This year’s Disruptor 50 list, topped by Anduril in the No. 1 spot, and then OpenAI, showcases 50 companies that are challenging the status quo and using technology (most often, AI) to transform a range of industries.

What’s particularly notable about this year’s list is how the sectors represented illustrate key trends not just in technology and VC, but also in politics and society. This is the first time in the 13 years of the Disruptor 50 list that it’s been topped by a defense tech company. The defense tech sector isn’t just represented by Anduril, with Flock Safety, Saronic Technologies, and Shield AI also making the 2025 list.

Their scope and scale demonstrate a rising trend. The four companies have a combined value of more than $45 billion and have raised almost $10 billion from investors. They have geographic diversity – all are headquartered outside Silicon Valley. And their focuses are varied. Flock Safety (No. 7 on this year’s list) makes security hardware and software. Saronic (No. 19) builds unmanned maritime vessels.
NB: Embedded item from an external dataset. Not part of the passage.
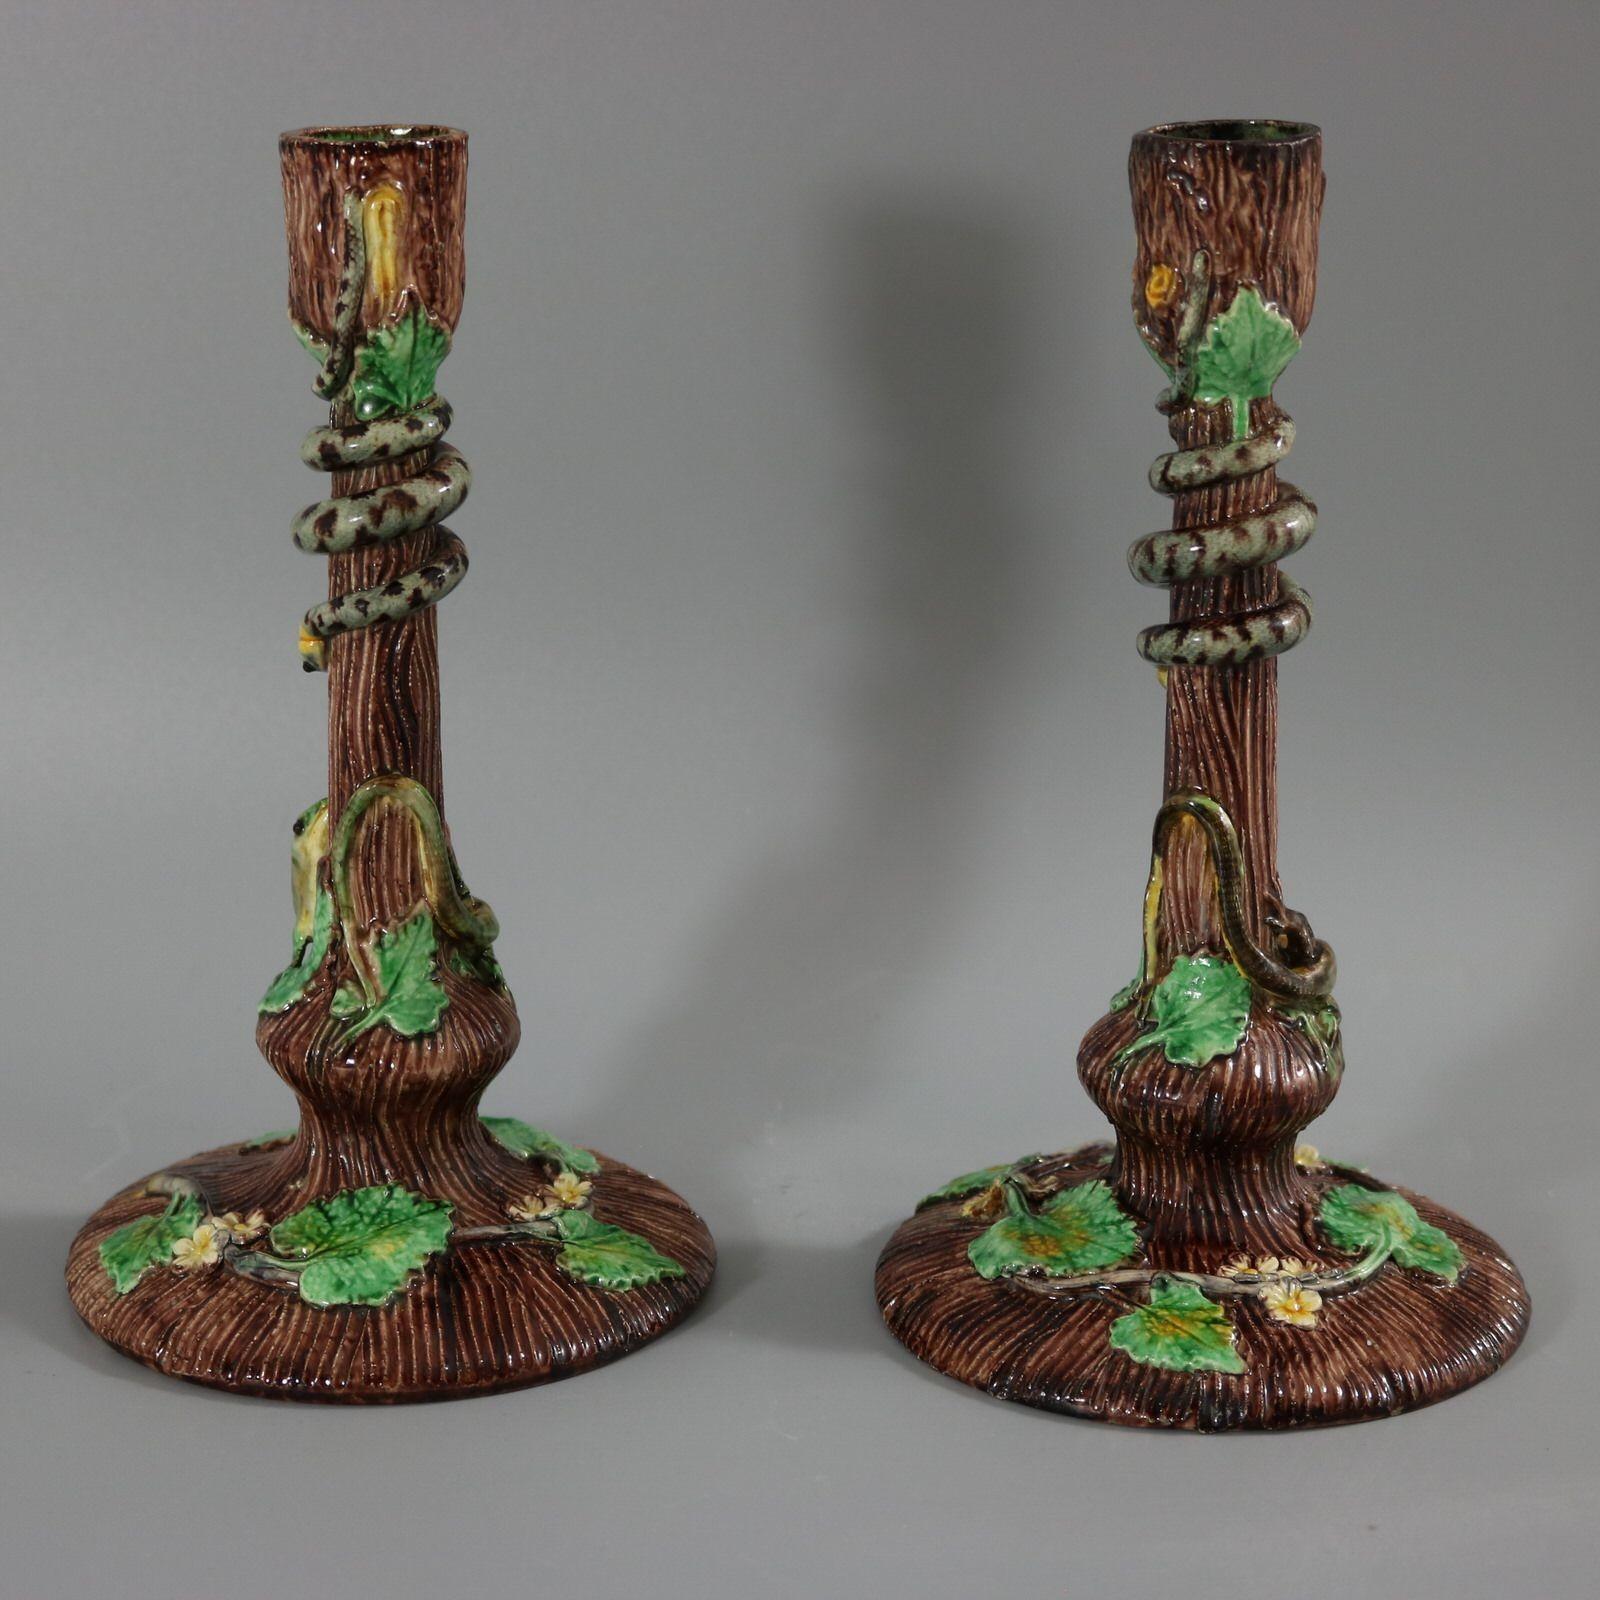 Pair of Thomas Sergent French Palissy Majolica candlesticks which feature blossom and leaves around the base. A lizard peering up at a snake to the stem. Colouration: brown, green, grey, are predominant. The piece bears maker's marks for the Thomas

Shield AI (No. 38) is an autonomous drone company.

Beyond the companies focused on building physical methods of defense, there is also Abnormal AI (No. 25), a cybersecurity company playing a key role in protecting systems from attacks that prey on human behavioral weaknesses. Gecko Robotics (No. 30) deploys its robots to capture data about the integrity of critical assets, including aircraft carriers, naval ships, and missile silos. 

The sector’s growth is expected to accelerate thanks to a surge of funding. Last week, Anduril announced a new $2.5 billion round of funding at a valuation — $30.5 billion — that is double the valuation of its previous round of funding. Saronic and Shield AI have also closed major fundraising rounds in 2025, according to Pitchbook; $600 million in Saronic’s case.
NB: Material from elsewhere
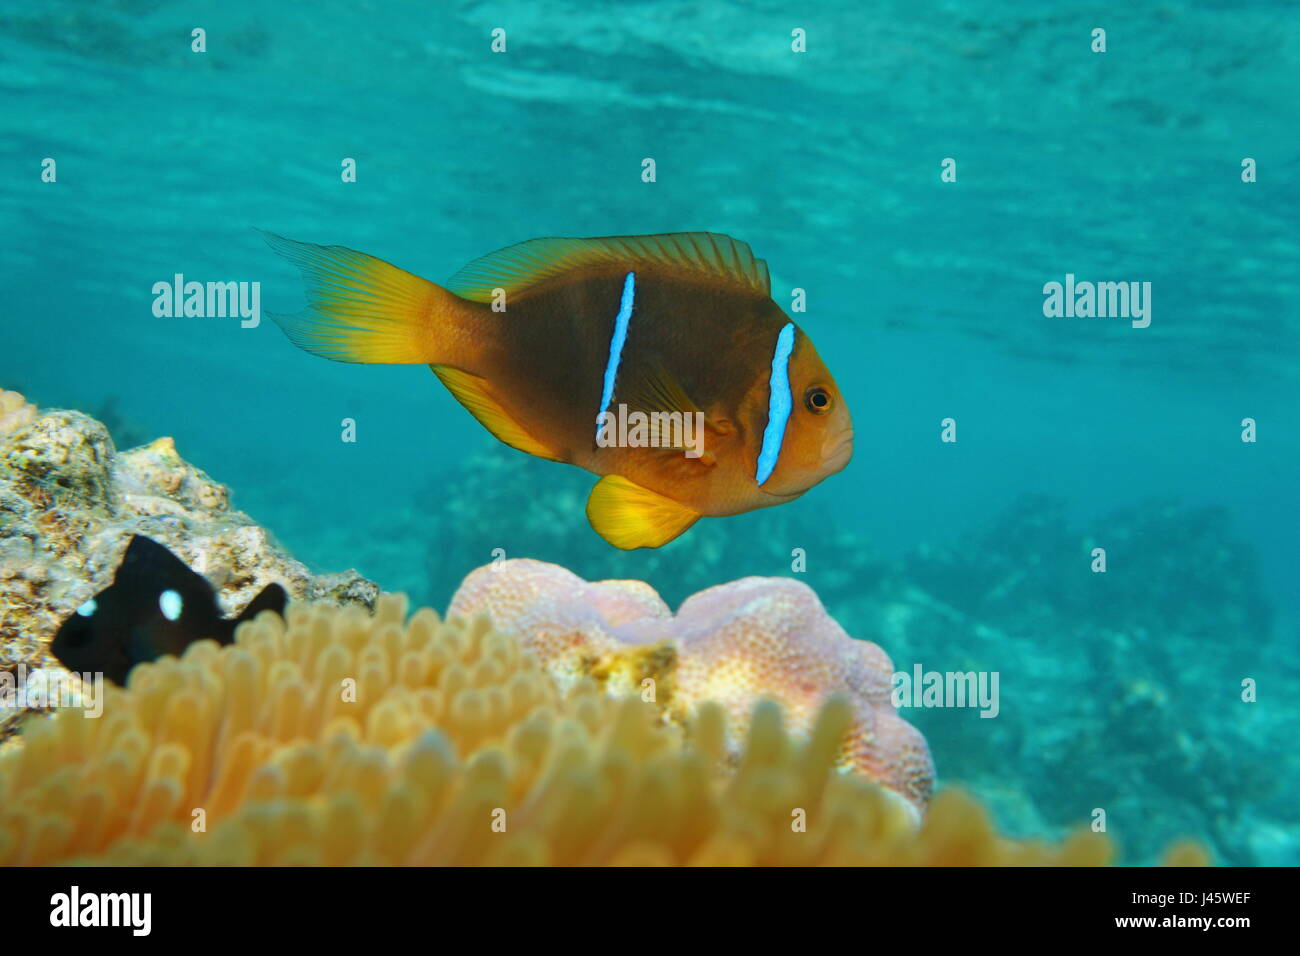 Tropical fish clownfish Amphiprion chrysopterus, orange-fin anemonefish underwater in the Pacific ocean, French Polynesia Stock Photo

Igor Gnedo, Antonina Lepore & Adrianne Paerels

AI infrastructure company Scale AI (No. 28) secured a landmark deal last August with the Department of Defense’s Chief Digital and Artificial Intelligence Office to advance AI capabilities for the U.S. military. Scale AI also announced a new multi-million dollar deal with the DoD in March to help with “Thunderforge,” an initiative to develop AI agents for U.S. military planning and operations that also includes Anduril.

The surge in funding comes as President Trump has proposed an increase in defense spending, with a focus on modernizing military capabilities and opening opportunities beyond the legacy defense sector. There is also an increasing focus on dual-use technologies: Anduril took over Microsoft’s augmented reality headset program that was in the works with the military, and then at the end of May announced a deal with Meta to create VR and AR devices for use by the Army.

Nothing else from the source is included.